Though it should not surprise us that in verbal art -- say, poetry, or song -- whose aim is the expression of elevated sentiment, the language itself should be somehow elevated -- whether in choice of word, turn of phrase, or by compulsive recourse to metaphor -- this tendency is especially evident in the four songs here, 1, 3, and 4 in particular.
Specifically, Jill Scott's "Long Walk" takes the feeling of attraction she feels for a man and, in a broad and sustained metaphor, conveys it to her listeners through the language and imagery of religion and salvation. This puts her beloved, no less than herself, in a curious position.
While this short analysis will consider five or six lines in particular, they are not sequential; they are, however, thematically and aesthetically linked, so that in their analysis as one fluid thought, both Scott's intention as an image-making communicator and the overall meaning of the song will be clear.
In the first stanza, Scott is expressing relief and thankfulness for her beloved's arrival; most notably, she appreciates his "peace mentality," after expression of which she says, "Lord, have mercy on me/ I was blind, now I can see/ What a king's supposed to be/ Baby I feel free."
So, immediately, both God and the Christian hymn "Amazing Grace" are evoked, while the beloved is likened to a king, through whose influence his lover has been liberated from blindness and bondage. It seems that Scott is drawing parallels between the beloved and Christ (who is commonly understood and invoked as savior-king, and who is taken to have cured both physical and spiritual blindness). This, then, puts the lover in the place of supplicant or sinner, according to convention.

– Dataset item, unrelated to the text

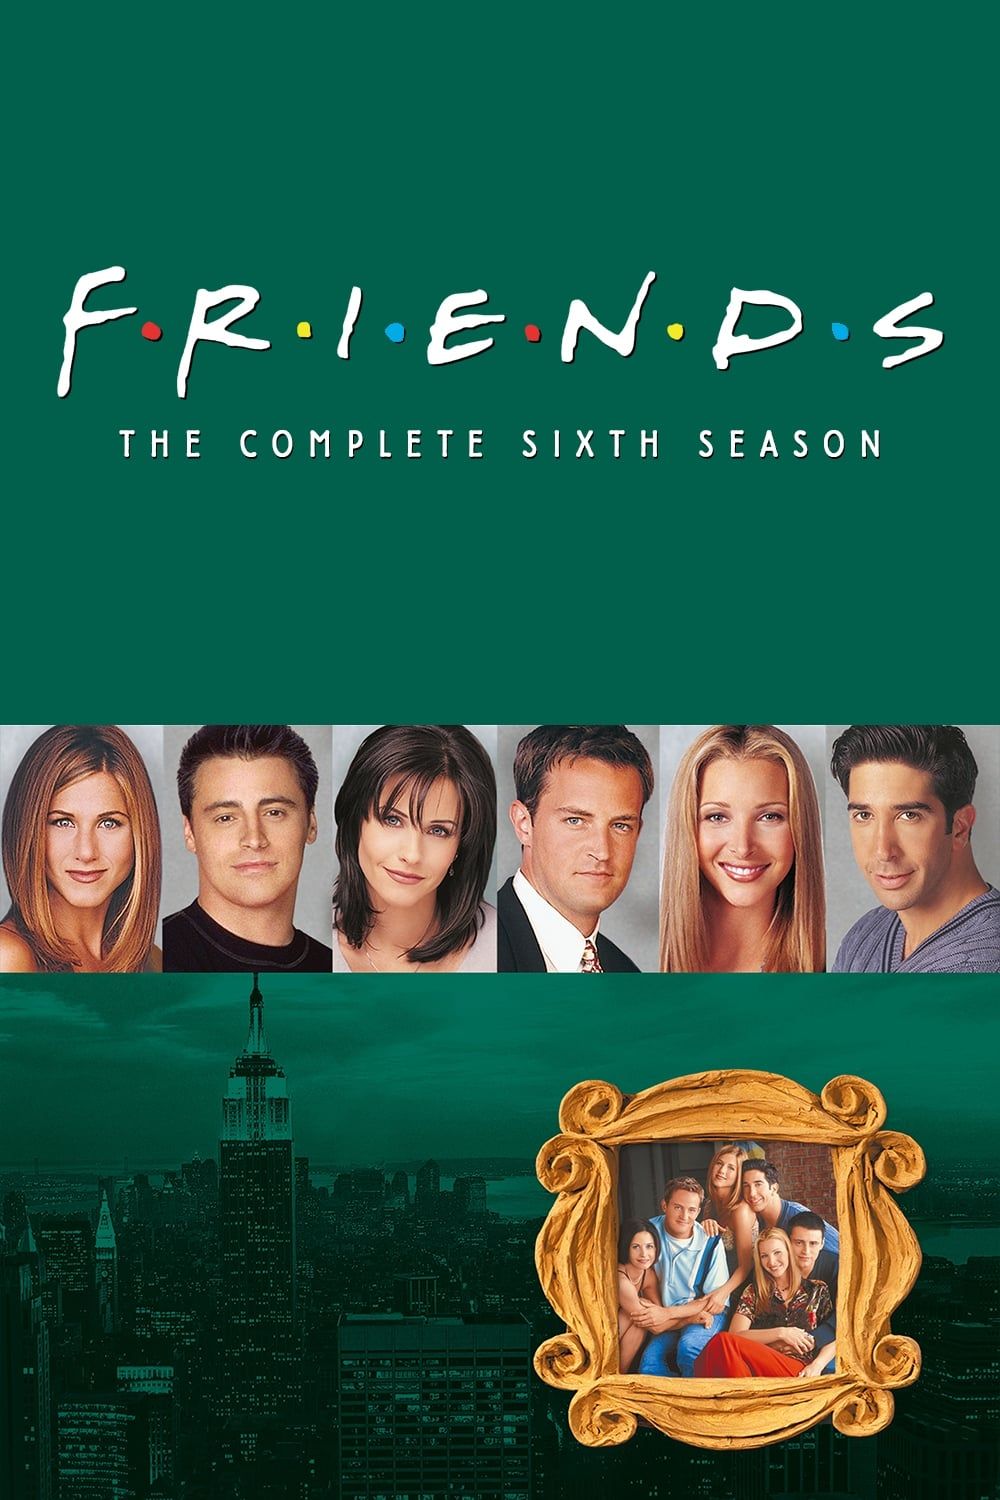 Friends Complete Series] Where to Watch Friends Online ?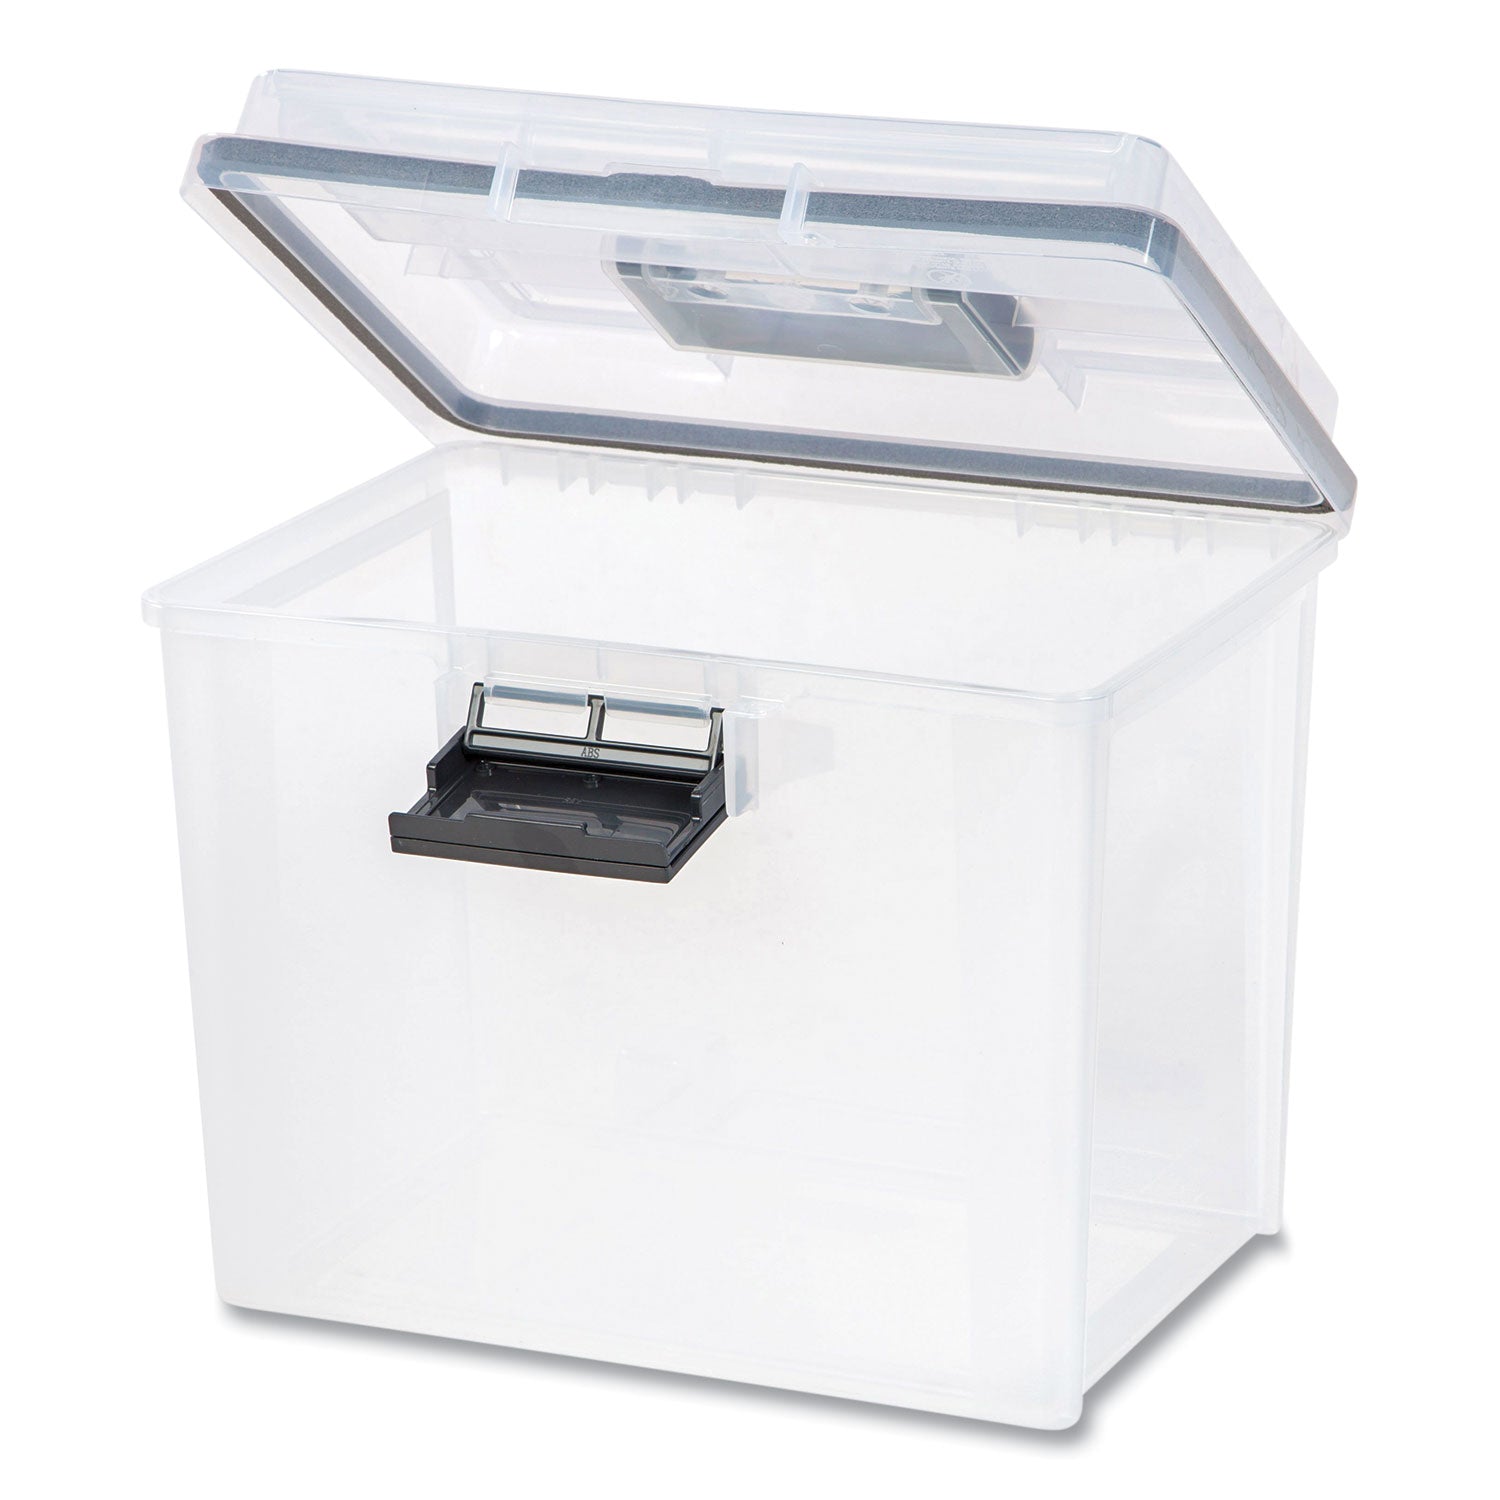 weathertight-portable-file-box-letter-files-137-x-104-x-118-clear-gray-accents_irs110351 - 2

We can pick up the thread of religious and salvific im-personation of the beloved and his power again in one of the song's choruses; at the end of each repetition, Scott (I am assuming the speaker to be some version of her) asks him, not only to walk with and to open his heart to her, but to discuss a religious text as well -- whether a Qur'anic sura, a New Testament verse, or the whole of the Psalms. Is this what lovers usually do? But both of the first allusions implore humility, decidedly Christian religious values: again, we have the beloved, if not in the role of savior, then of something like a Christ-like teacher.
More explicitly, though, in the third stanza, Scott says that, although "Your background, it ain't squeaky clean shit... / You ain't no saint, we all are sinners/ But you put your good foot down and make your soul a winner," her beloved is still "supreme," and his humility amid all that arouses her. So, again we have invocation of the pair, as members of fallen humanity, as sinners, while the savior-beloved is "supreme" (a decidedly religious-flavored word in this context), humble (a supreme Christic value), and one who overcomes filth to redeem himself and "numb" her with bliss.
Aside from that, amid talk in the choruses of elation and stimulation -- love nearer to the physical than to the refined spiritual pole -- there is mention of temptation and education; as if to balance out the physicality, there is acknowledgment of being drawn into something undesirable, and of less fleshly interest between them.
What is the effect of this on the listener, then? We have a strongly personal love between two people, with the woman, if not a debased supplicant -- she comes across as strong and perceptive, -- then at least some sort of unfree longer after release, whose beloved, kingly, self-elevated above the dirt of his past, is as a savior, stimulating, awakening, and uplifting his lover in an almost religious sense, giving life to the dead. This song is almost... chaste when you think about it, and wholesome.